(Problem to work on):
Search the entries below for the word "Carats", then copy each line in which it is found.

(Exercise data):
┌────────

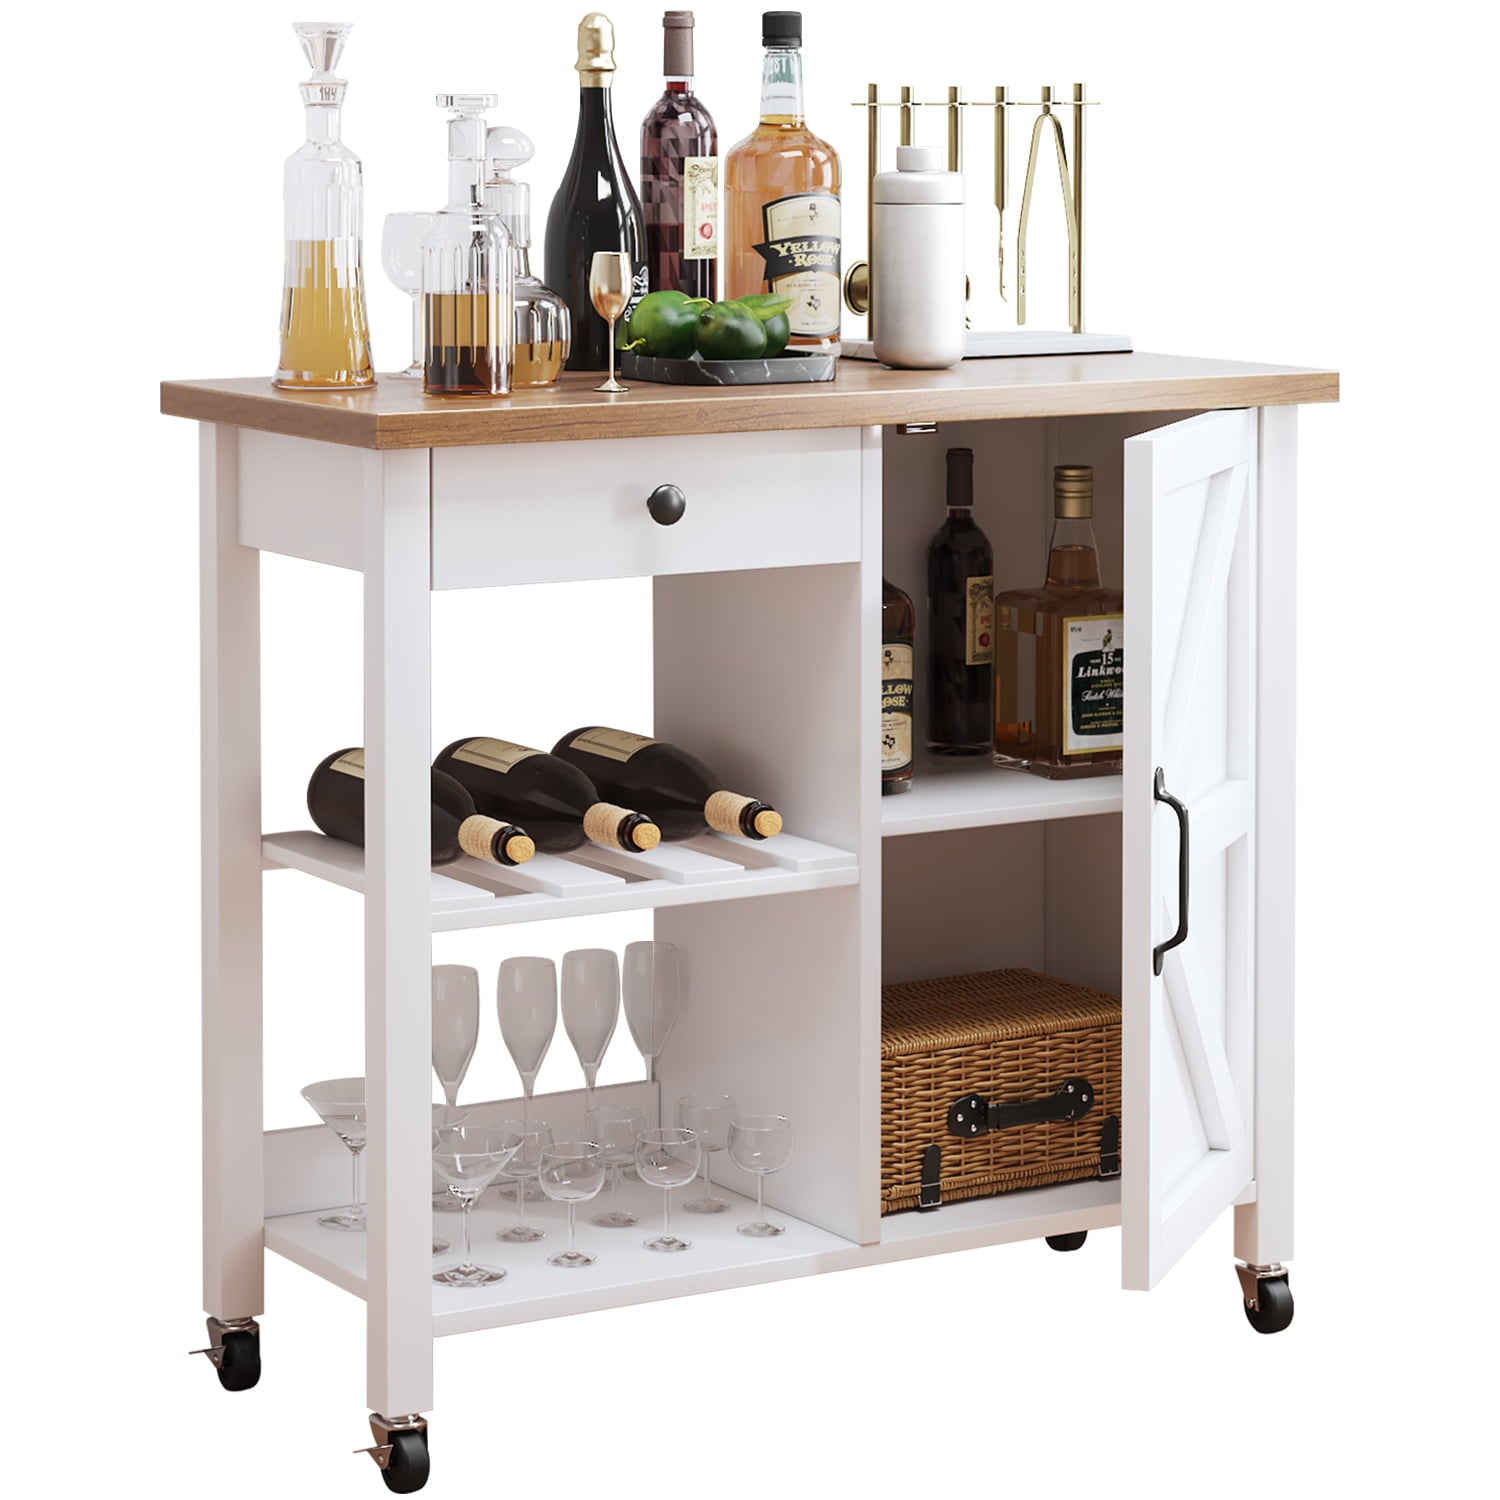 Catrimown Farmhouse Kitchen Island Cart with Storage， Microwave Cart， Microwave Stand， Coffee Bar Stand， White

└────────
┌────────

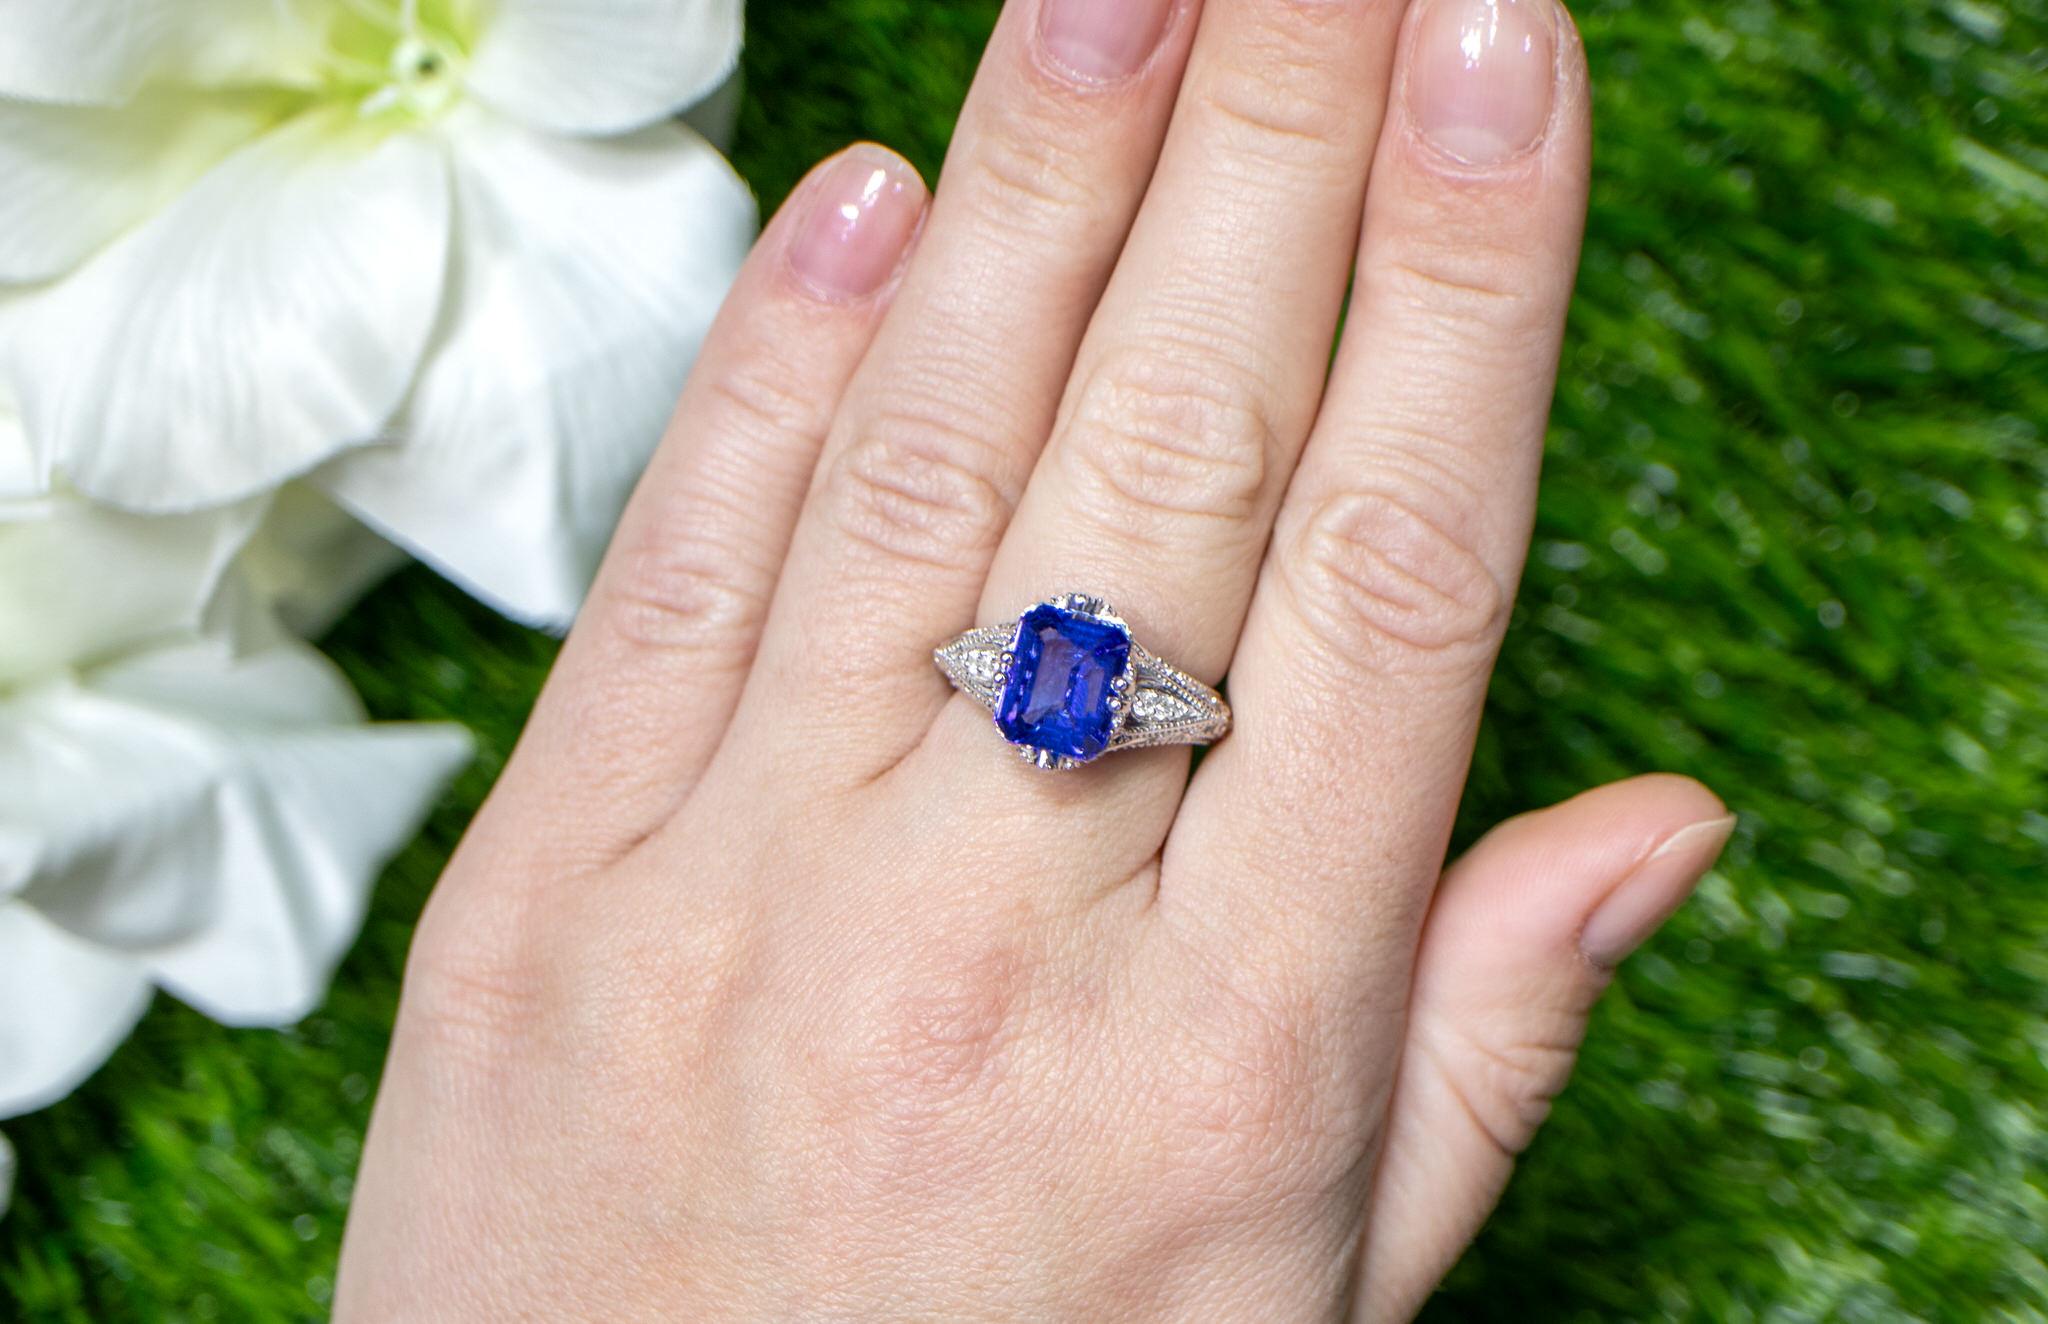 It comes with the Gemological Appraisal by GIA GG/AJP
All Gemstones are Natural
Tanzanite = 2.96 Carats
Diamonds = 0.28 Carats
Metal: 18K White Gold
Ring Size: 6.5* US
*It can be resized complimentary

└────────
┌────────

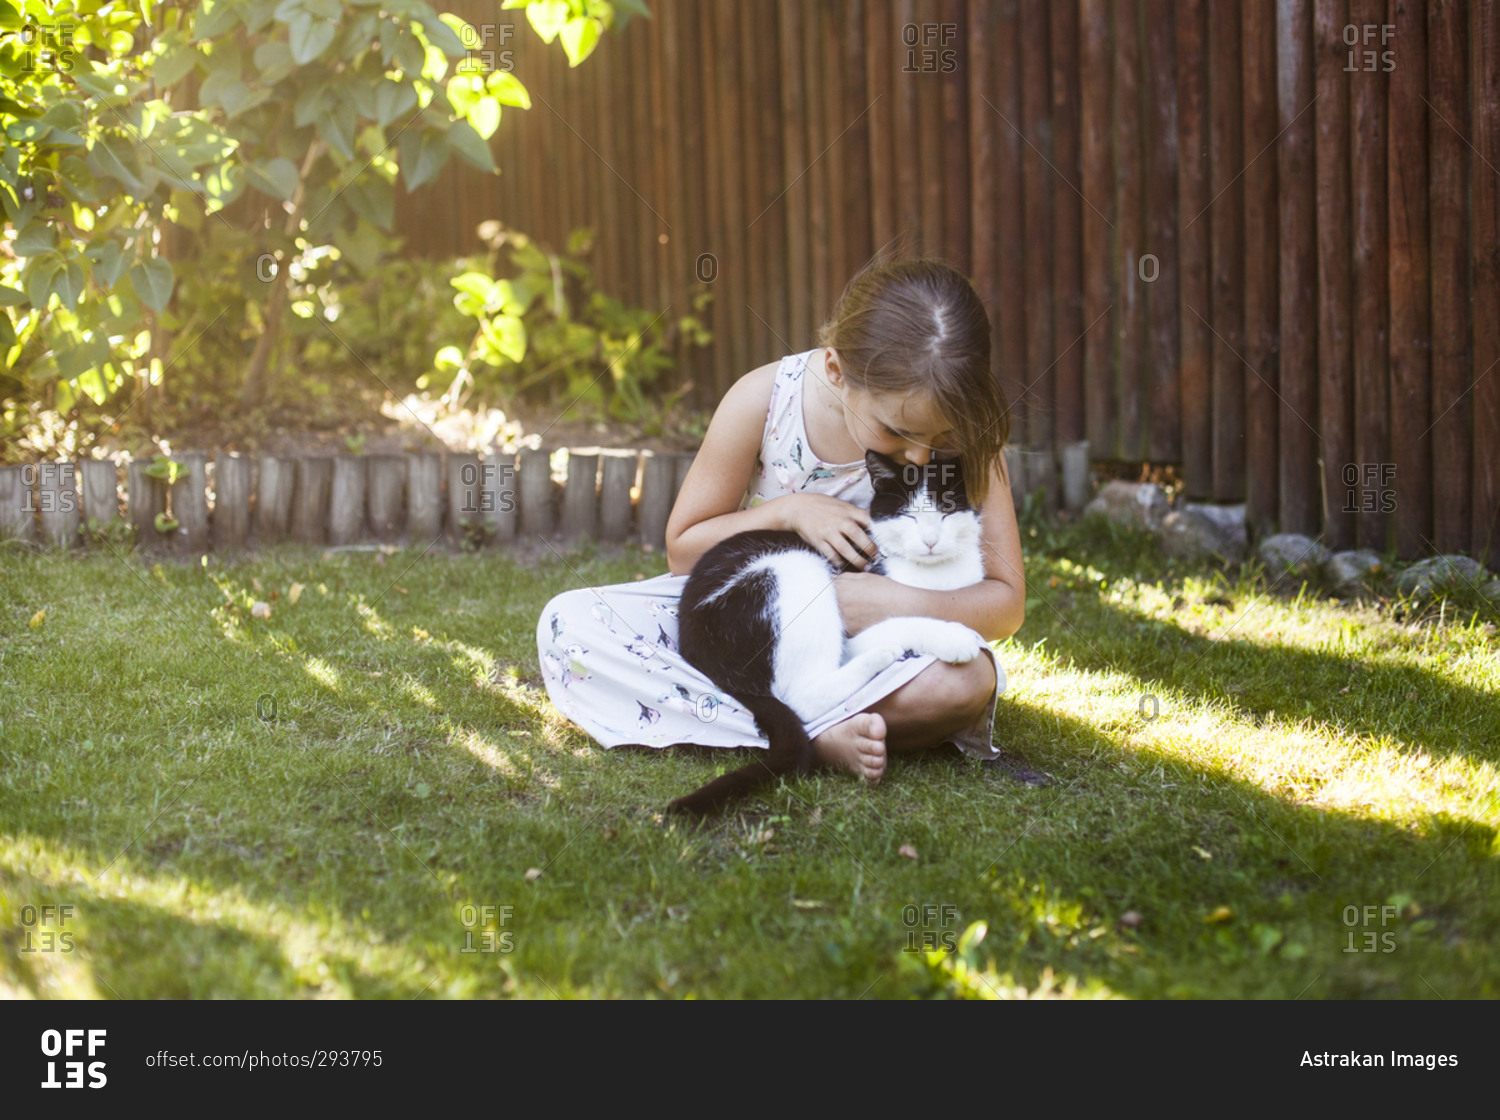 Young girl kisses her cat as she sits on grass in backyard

└────────

(Exercise response):
Tanzanite = 2.96 Carats
Diamonds = 0.28 Carats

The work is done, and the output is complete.